Small Cuts, Big Impact: Achieving Complex Forefoot Reconstruction With Minimally Invasive Surgery

March 2025

What is minimally invasive forefoot reconstruction surgery? Forefoot reconstruction encompasses a range of surgeries aimed at correcting bunions, tailor’s bunions, hammertoes, and any associated metatarsal deformities. In essence, these procedures can involve the surgical correction of the entire forefoot, with techniques surgeons perform through percutaneous or open incisions and fixation, or utilizing minimally invasive approaches.
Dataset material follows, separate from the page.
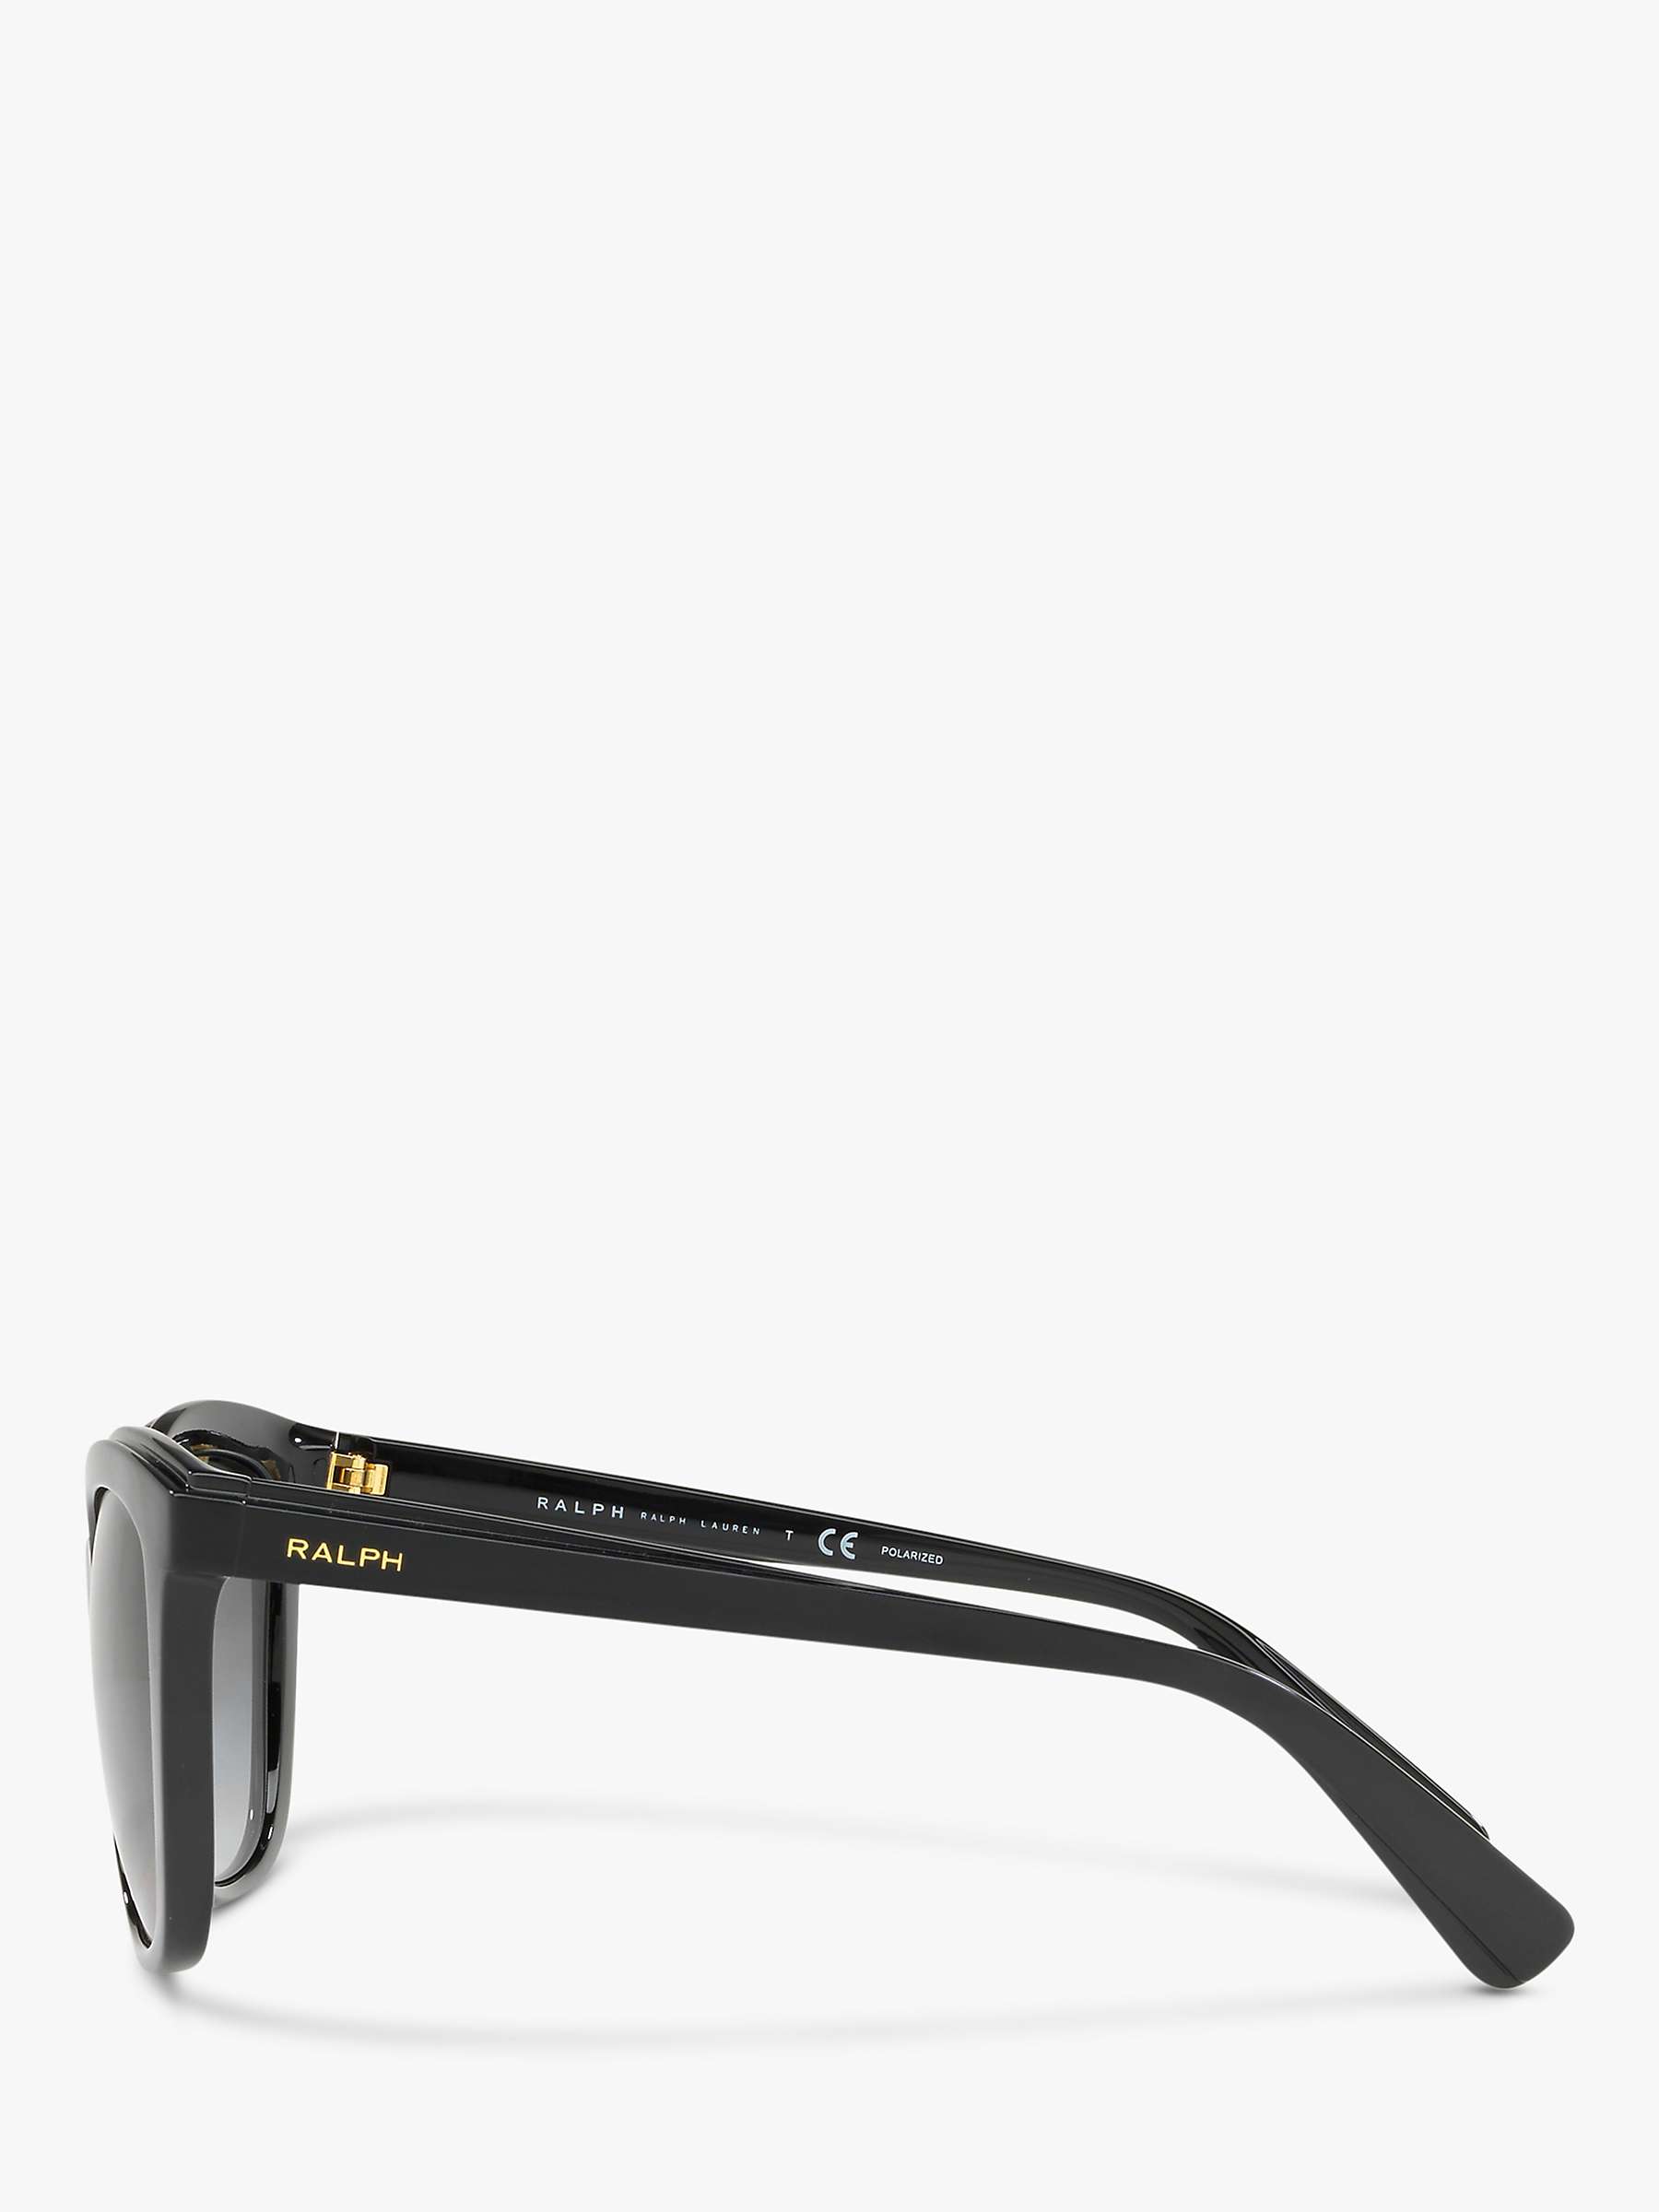 Buy Ralph RA5252 Women's Polarised Square Sunglasses, Black Online at johnlewis.com
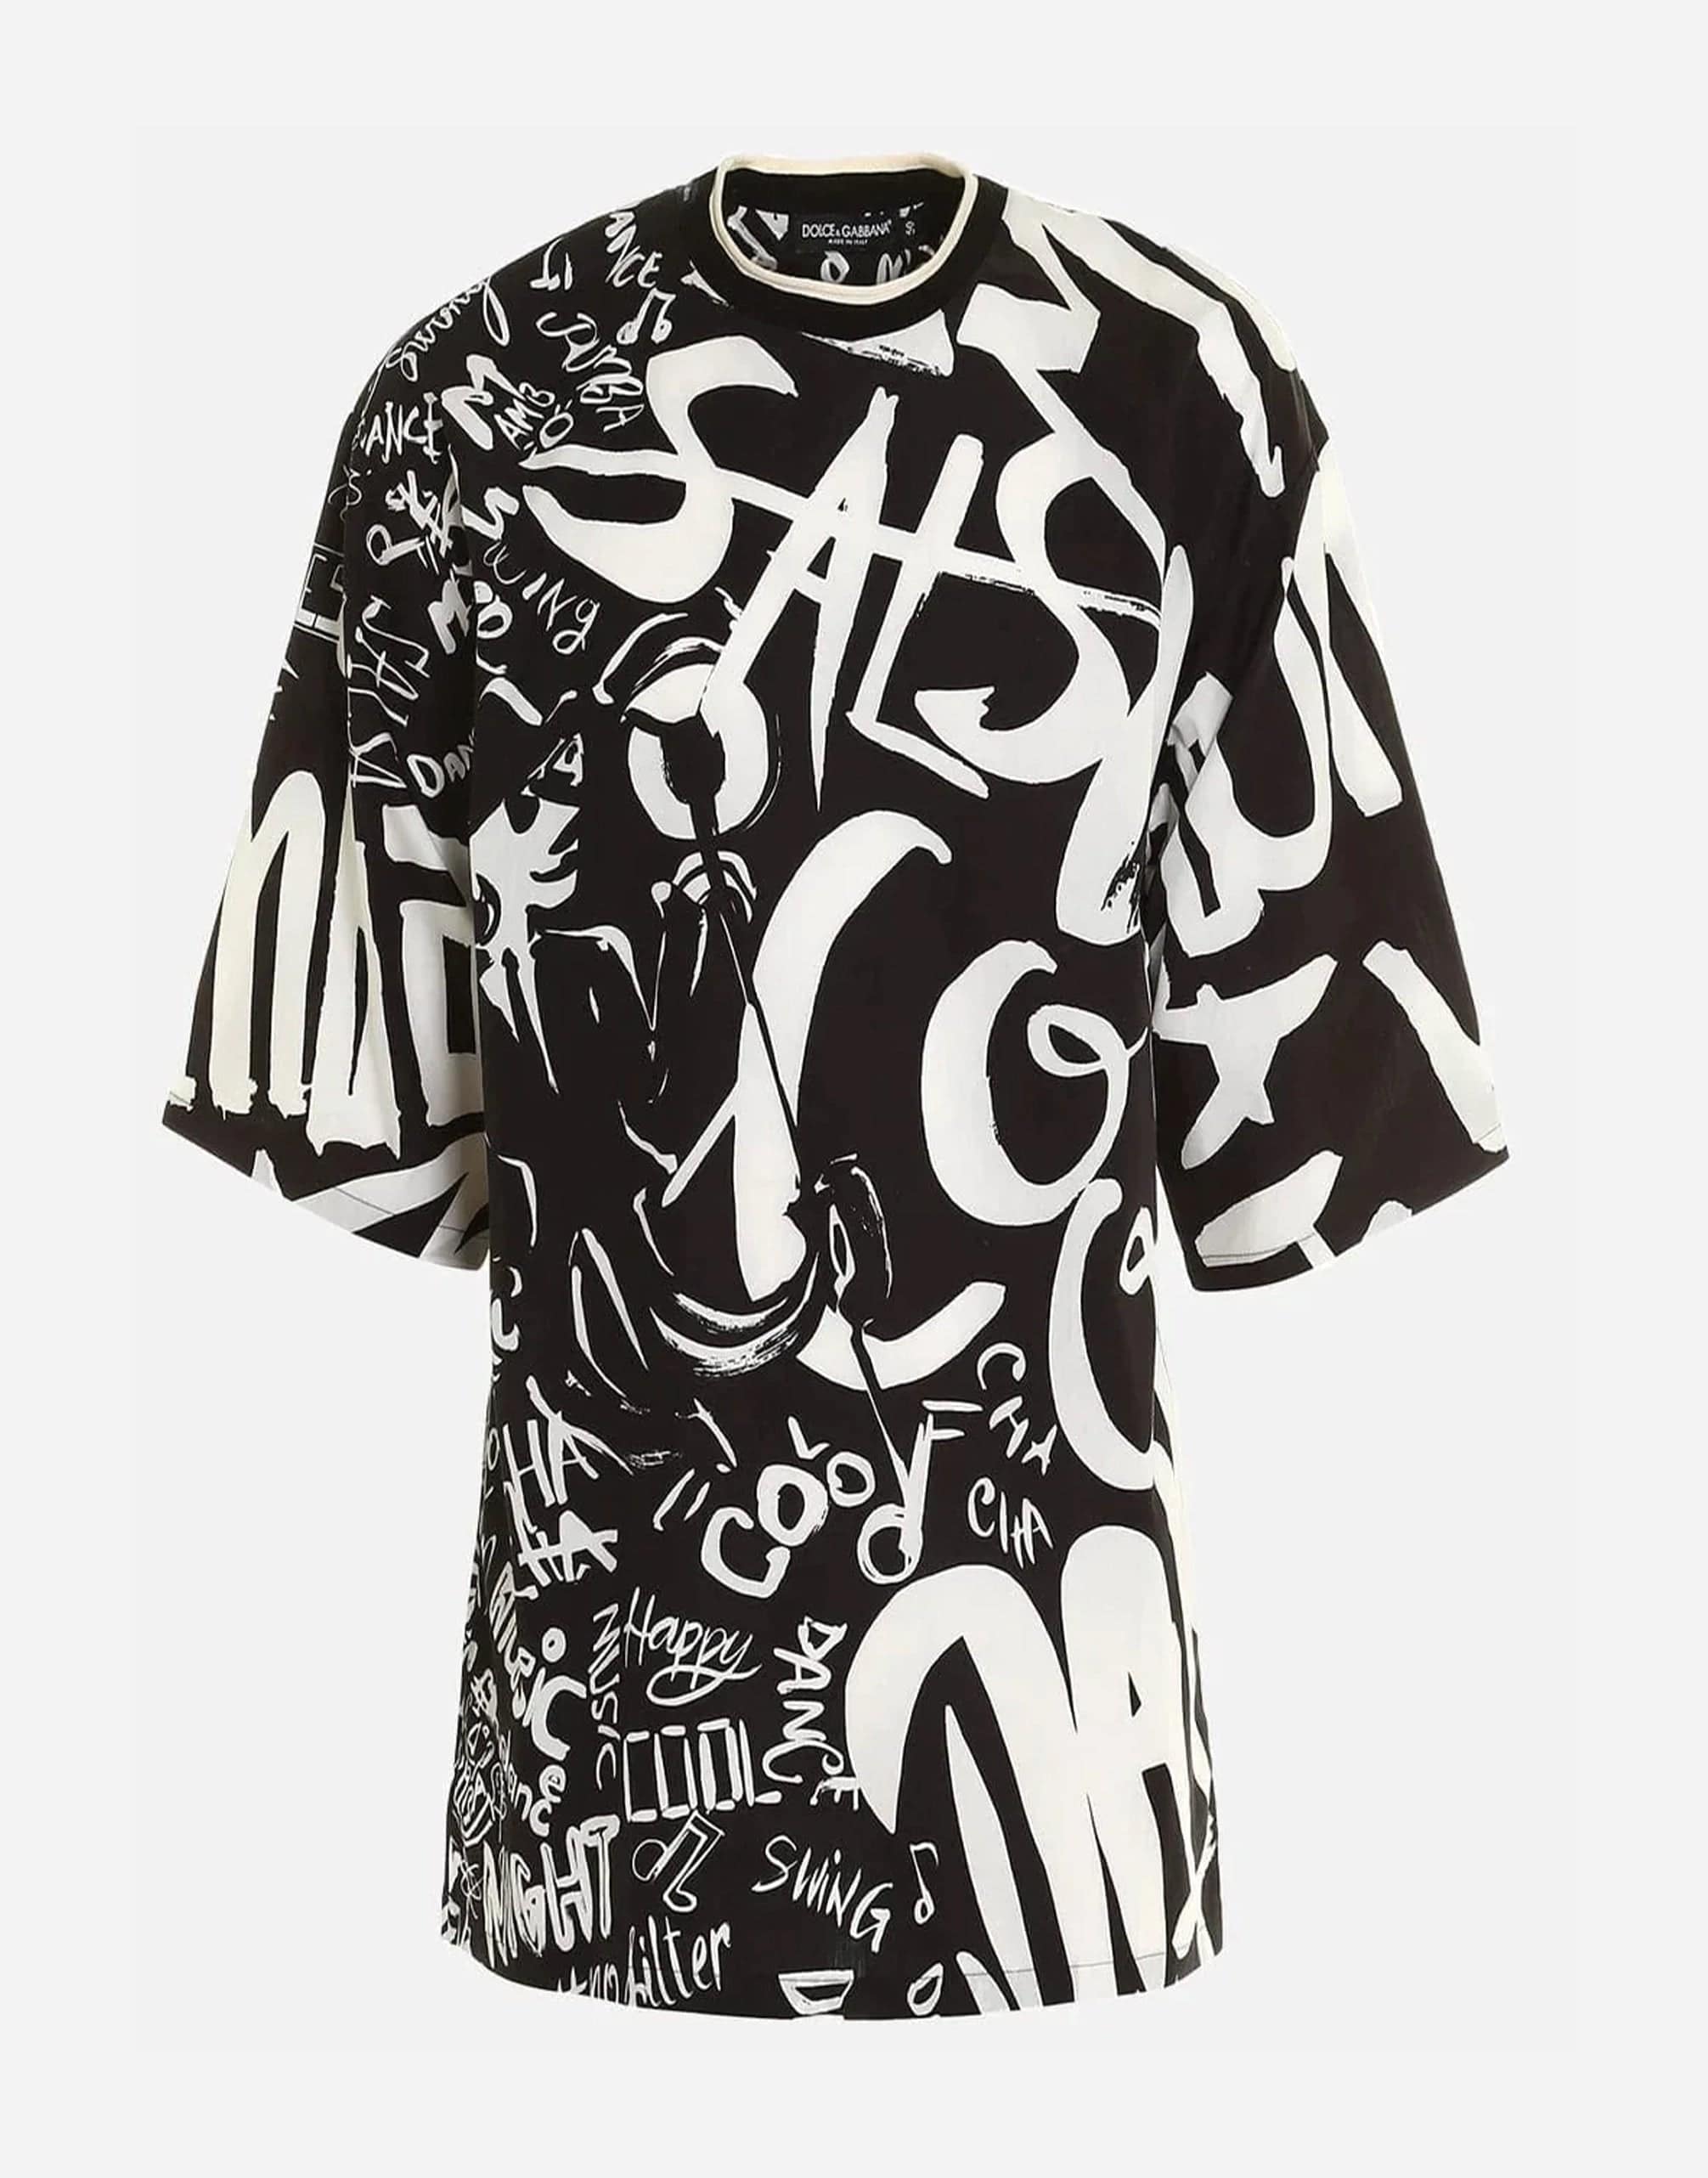 Dolce & Gabbana Mural-Print T-Shirt

Within the past few years, there has been a notable increase in both patient demand and surgeon interest in minimally invasive surgery (MIS) for foot and ankle conditions. Both proponents and critics have called for more robust studies to assess the long-term outcomes of MIS techniques. Currently, we have access to fourth-generation MIS burrs for osteotomies, joint preparation for arthrodesis, and wedge burrs for osteophyte removal and bony prominence excision. The evolution of internal fixation devices has significantly advanced, with innovations far surpassing the use of stainless steel Kirschner wires. To ensure reproducibility in outcomes, targeting guides and jigs for MIS bunion surgery are now available from various manufacturers. There is also a reproducible guide for MIS hammertoe fixation.1-6

These advancements have led to an increase in publications, book chapters, and conference presentations detailing the execution of MIS techniques and the diverse methods of fixation. Additionally, a new journal, the Journal of Minimally Invasive Bunion Surgery, has emerged, dedicated to minimally invasive bunion surgery for a global audience. We are learning more about unique complications regarding MIS foot surgery and how to manage and prevent them.7-11 We will further explore this later in the article.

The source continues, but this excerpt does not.